Leur individualité s’exprime à travers la chorégraphie, mais ils se ressemblent pourtant tous un peu. Comme happés par l’ensemble, ils se fondent dans la troupe. C’est qu’ils partagent tous quelque chose en commun, emploient un moyen d’expression qui leur est unique : le langage corporel « Gaga ». La méthode d’enseignement novatrice, créée par Ohad Naharin, rencontre déjà un franc succès parmi les danseurs professionnels à travers le monde, notamment en Europe ou aux États-Unis. « Gaga » ouvre le champ au dialogue entre l’être humain et toutes les parties de son corps. Quotidiennement, les danseurs de Batsheva s’échauffent avec cette technique, cherchant à découvrir et à renforcer les différents endroits de leur physionomie.
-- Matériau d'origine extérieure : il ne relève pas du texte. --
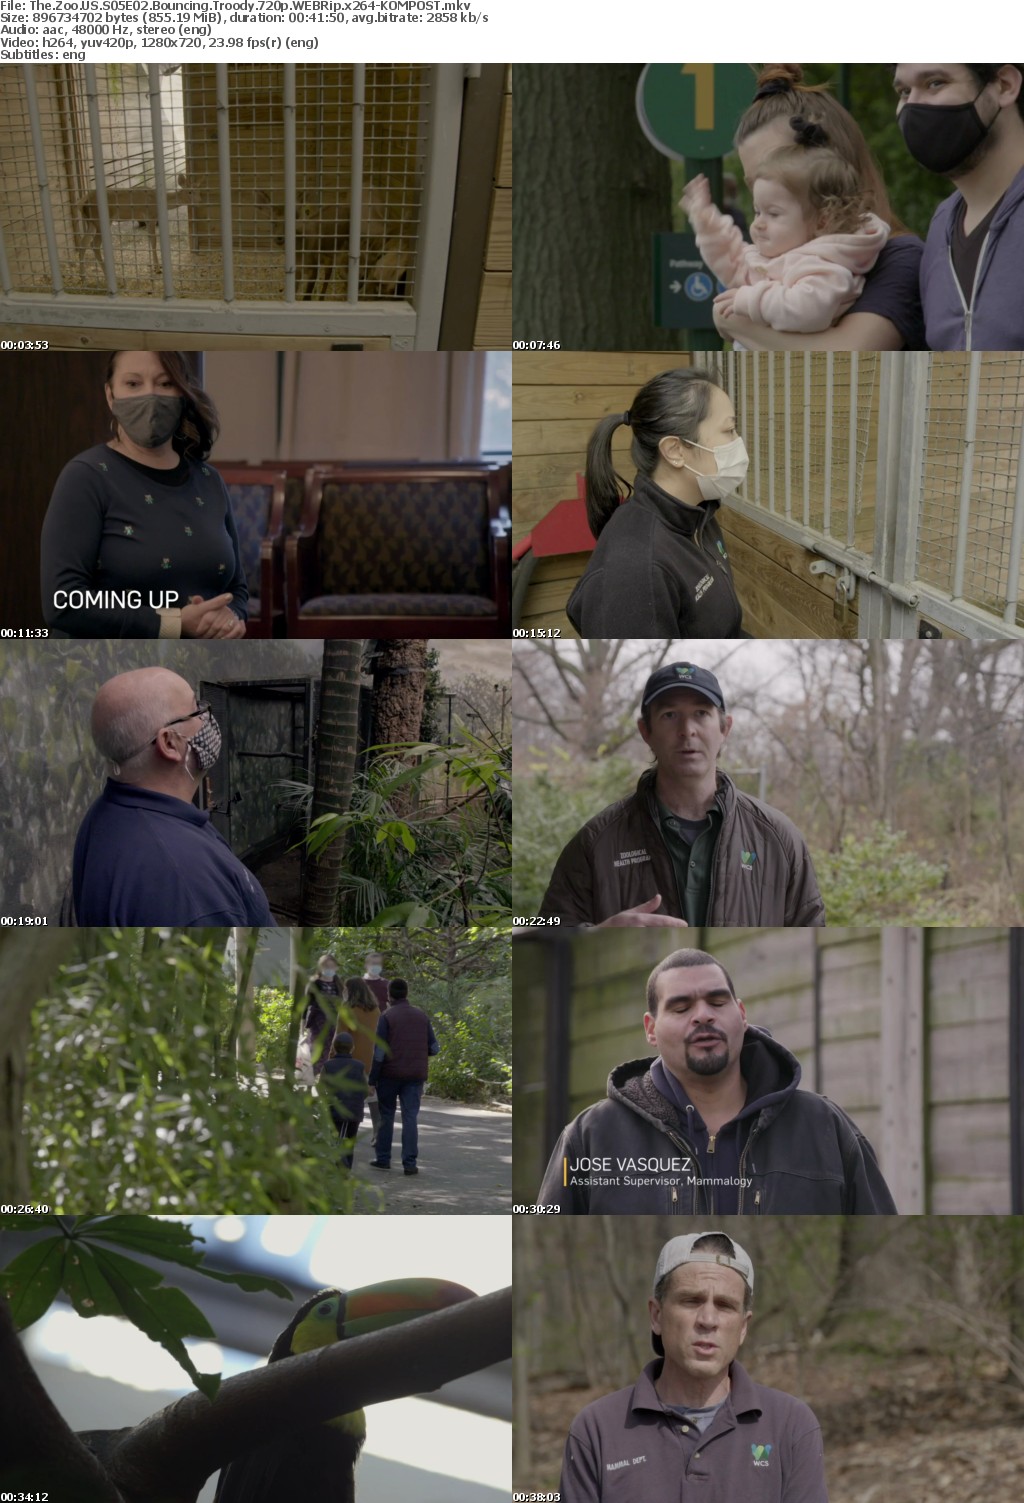 The Zoo US S05E02 Bouncing Troody 720p WEBRip x264-KOMPOST

Suivant leurs sensations et leur imagination, ils se déplacent en s’oubliant.

Au cours des représentations de Batsheva, des bramements, ou les bruits de la rencontre énergique d’un pied sur le sol ou d’une main sur le corps couvrent parfois la musique. Ces moments surprenants rappellent la prédominance de la dimension primaire de l’individu sur la sophistication de son interprétation artistique. Pour Naharin, « le bruit, la voix, c’est la communication, c’est l’expression de la vie ». Ohad Naharin, entraînant sa troupe dans un rythme exigeant autant physiquement qu’émotionnellement, s’attèle à puiser jusqu’au fond de la source de leur essence. Il travaille ainsi beaucoup à déceler l’animal qui sommeille chez ses disciples. Et devant les regards des spectateurs, c’est soudain un troupeau, et non plus des danseurs, qui court sur scène. « Mais nous sommes des animaux », affirme l’artiste.